Moving forward, we will continue to use intraoperative PCI as a tool for prognostication for overall survival and progression-free survival. With an increasing acceptance of CRS/HIPEC in treating colorectal peritoneal carcinomatosis, improving chemotherapy options and enhanced learning curves, one can look forward to a larger sample size with enhanced outcomes.

With that, we will continue to compare the utility of prognostic scores like PSDSS, and even the COREP score [9], which includes tumour markers to attempt to prognosticate outcomes and predict feasibility of achieving CC-0 resections prior to surgery.
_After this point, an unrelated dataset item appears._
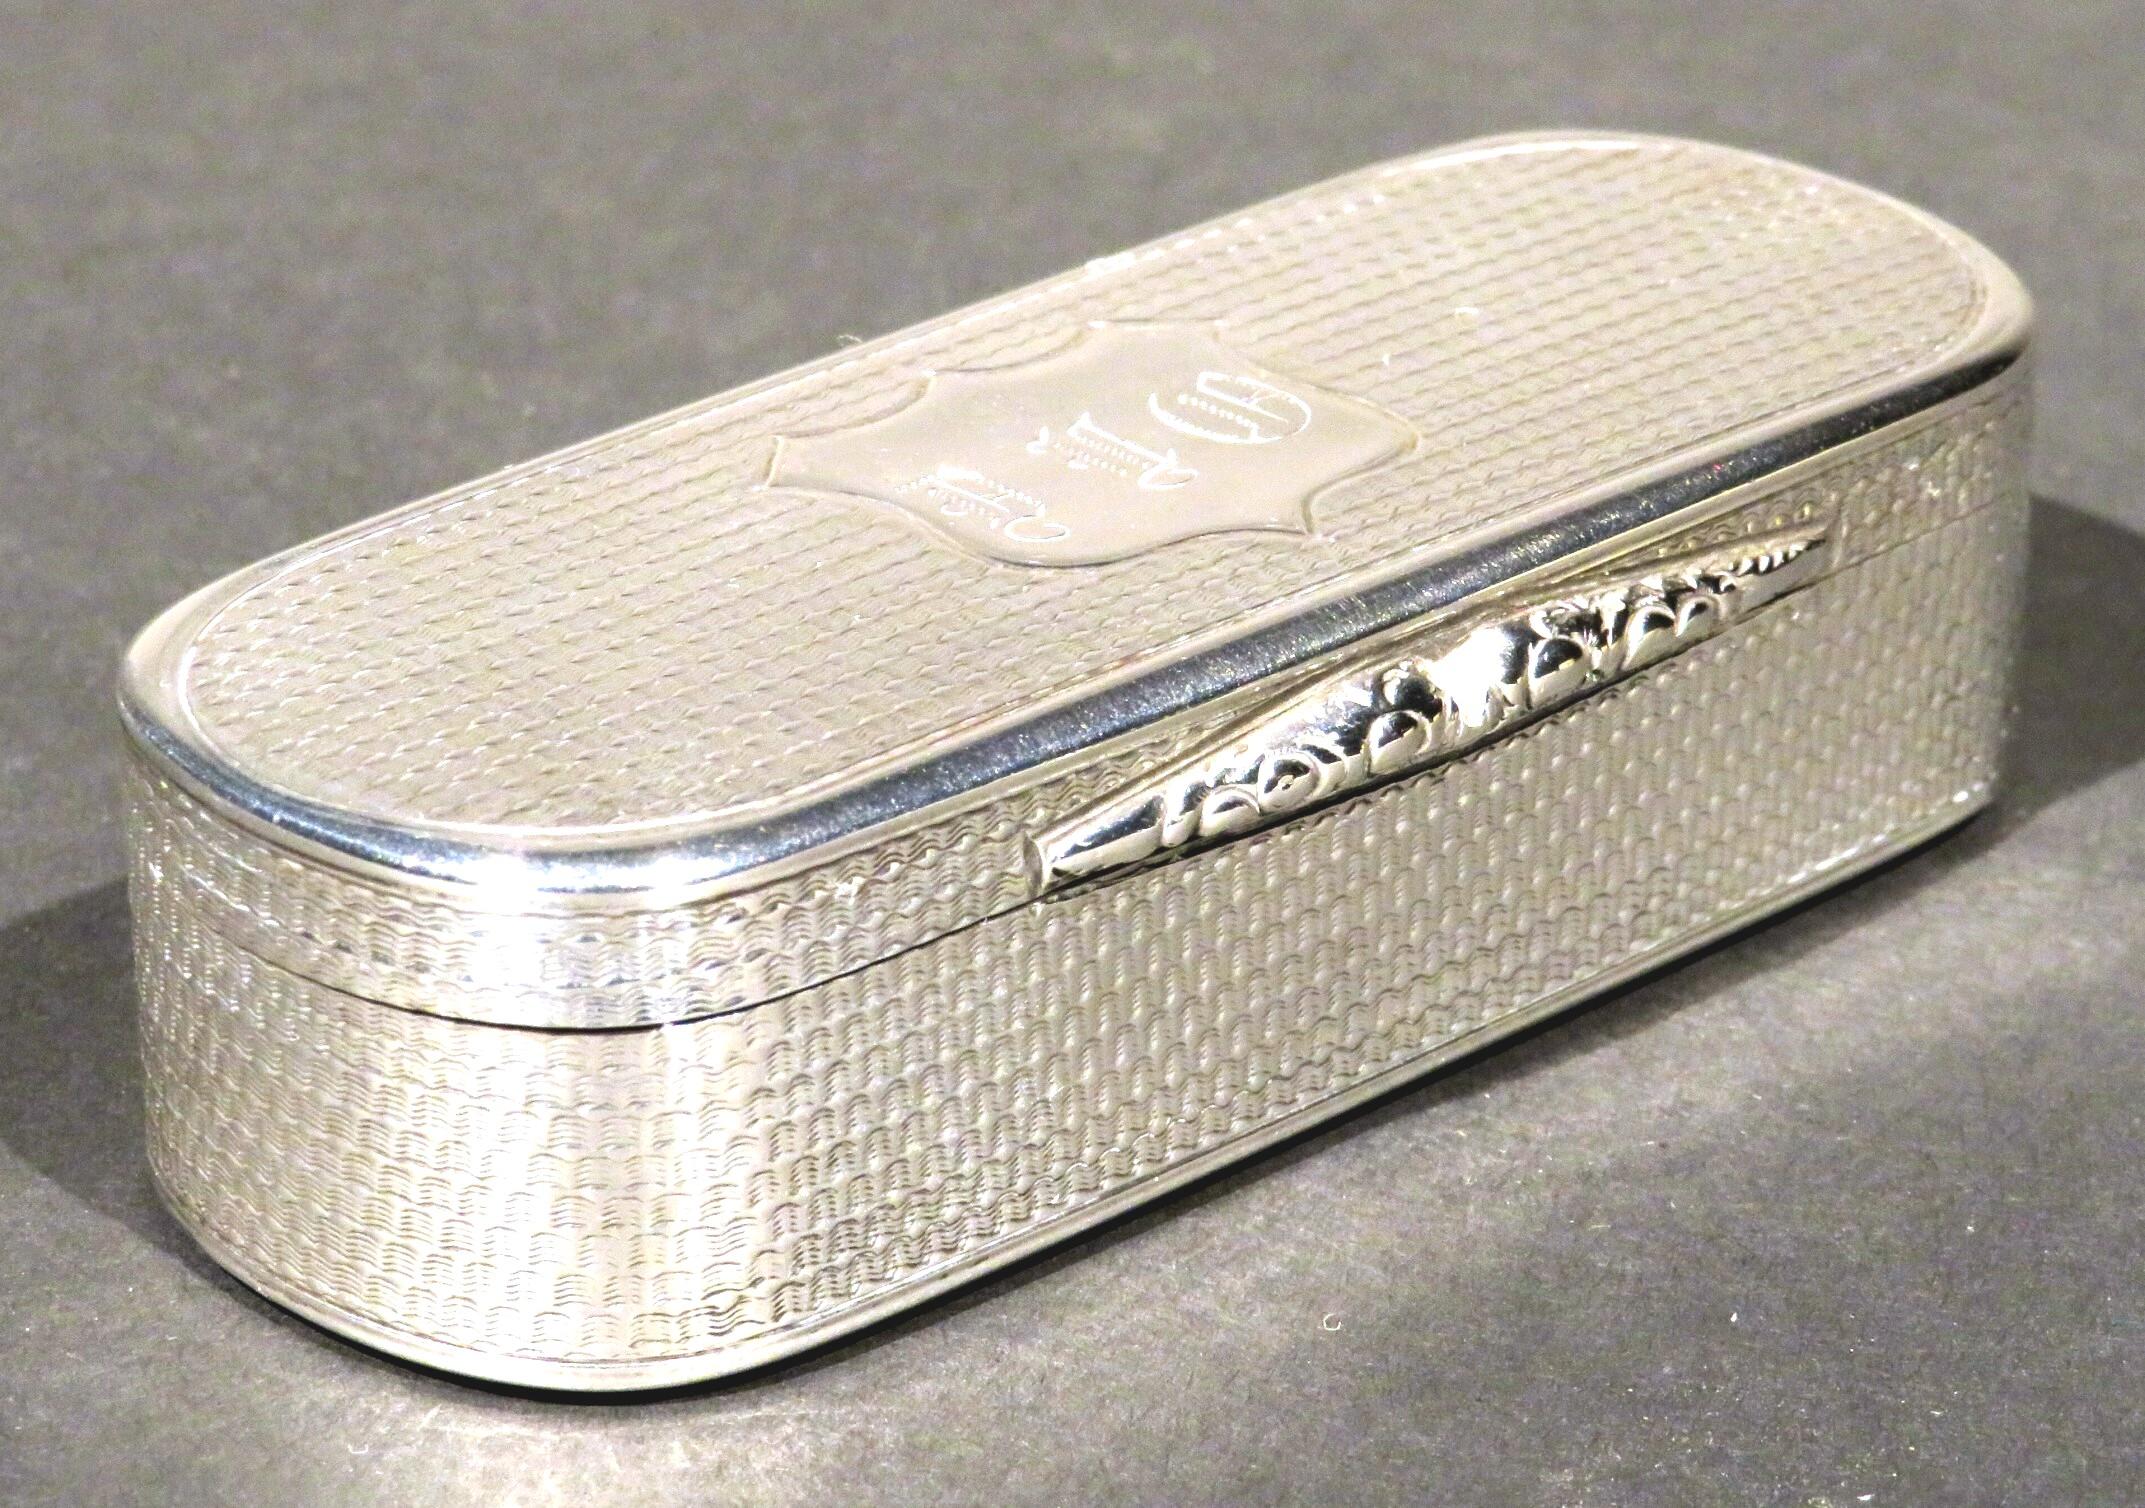 A very good 19th century Victorian sterling silver snuff box of oblong form, showing a hinged lid engraved with machined undulating wavy motifs, centred by a monogrammed shield-shaped cartouche, opening to a richly gilded interior with both the lid

We have also embarked on comparing preoperative PCI and PSDSS based on interpretation of radiological findings and are exploring the utility of radiologically calculated PCI and PSDSS for all patients considered for CRS and HIPEC. CT-PCI has been shown to have a sensitivity of 0.55 and a specificity of 0.86, compared to MRI-PCI with a sensitivity of 0.95 and specificity of 0.70 in a recently published paper comparing these scores amongst patients with appendiceal and ovarian cancer [16]. These adjunct imaging modalities may allow discrimination between those who would go on to have successful CRS and HIPEC and those in whom complete cytoreduction is not possible.

5. Conclusion

PCI remains the prognostic score of choice for patients with CPC undergoing CRS/HIPEC, as it is superior to PSDSS in prognosticating OS and PFS.

Conflict of Interests

The authors declare no conflict of interests regarding the publication of this paper.